Господин в белом, полагая, что я чем-то растревожила господина в сером, махнул мне рукой.

– Оставь его в покое, неприглядное дитя, подойди ко мне. Он совсем не понимает детей. У него были собственные дети, но он их отослал прочь. Но я-то тебя прекрасно понимаю. Я, к примеру, могу сказать: тебе ужасно хочется узнать, что я пишу в своей книжечке так торопливо, не так ли? Ну, разумеется, хочется! Ну что ж, коли ты настаиваешь, я тебе скажу. Я вспоминаю свои прогулки. Мне только что пришла на ум одна из них. Я коллекционирую прогулки своей жизни. Кое-кто интересуется: неужели я исходил так много дорог только из любви к движению? На что я отвечаю: главное – не расстояния, которые ты прошел, а тщание. И поверь мне, все мои прогулки отличались великим тщанием. Ну а теперь, само собой, тебе хочется узнать, куда же я ходил. Не так ли, крошка-шалунья? – так он меня назвал и, по-видимому, весьма довольный своим наблюдением, продолжал обзываться, ни на мгновение не озаботившись, как я воспринимаю его оценки. – Крошечное уродище, крошечное чудовище в обличье ребенка… малышка… крошечный волчонок… крошечная обладательница торчащего носа… крошечное обвинение человечеству… крошечная… крошка… – завершил он тираду, уже не в силах подобрать мне точное определение, кроме того, что я крошка, крошечное нечто…
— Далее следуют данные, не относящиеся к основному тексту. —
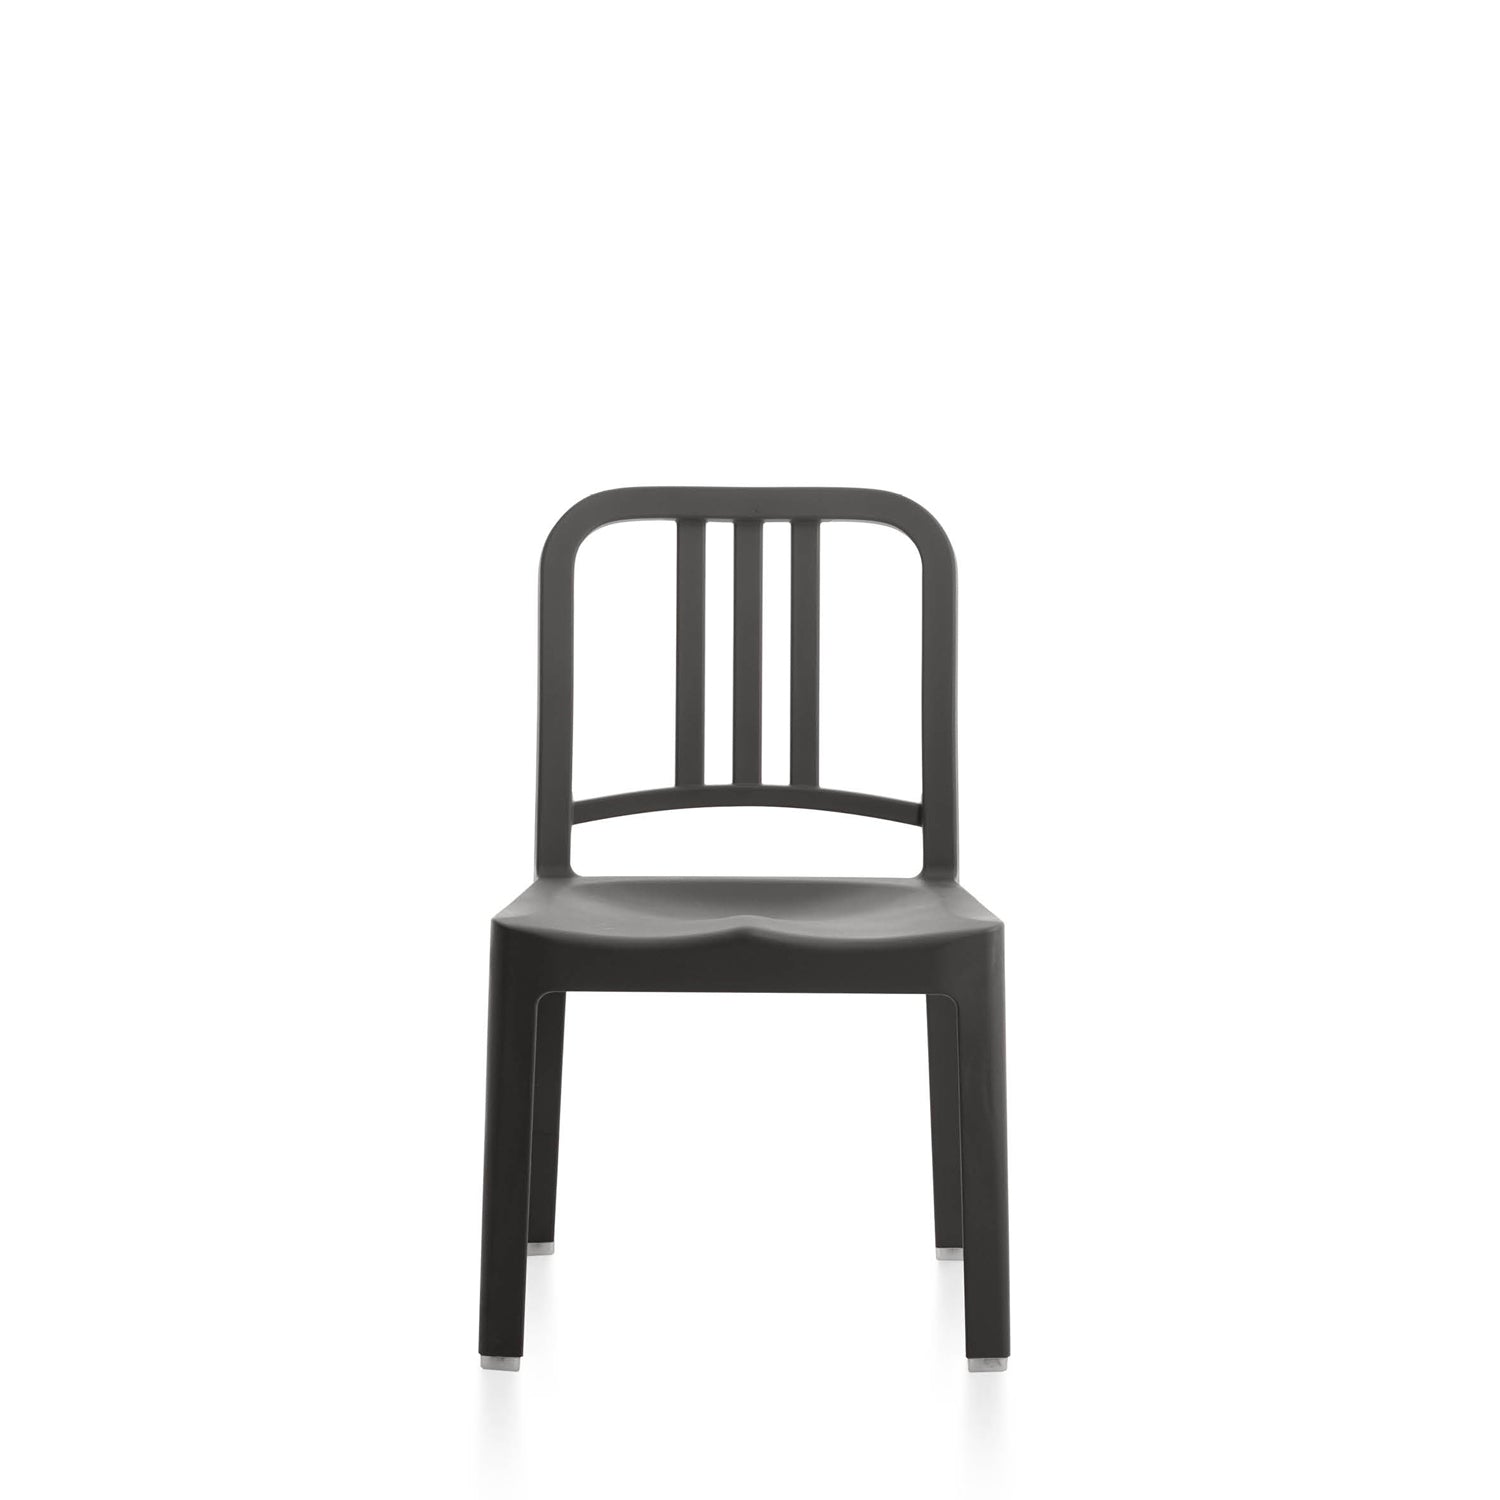 111 Navy Mini Recycled Chair

Он почесал острый нос, взглянул на свои башмаки, и тут я впервые заметила, что на башмаки надеты полотняные мешки с завязками на лодыжках, а самих башмаков не видно. Но сейчас он распустил завязки и снял мешки – под ними оказались самые обычные мужские башмаки черной кожи, поношенные, с серебряными пряжками.



– Вот! – он снял один башмак и передал его мне. – Понюхай! Сунь в него свой хобот.

Я понюхала башмак. Из него дурно пахнуло.

– Ты знаешь, что это за запах? – спросил господин в сером.

– Это, – рискнула я ответить дерзостью, потому что этот человек был со мной так невежлив, – запах сгнившей ноги?

– Париж! – ответил он. – Это запах Парижа!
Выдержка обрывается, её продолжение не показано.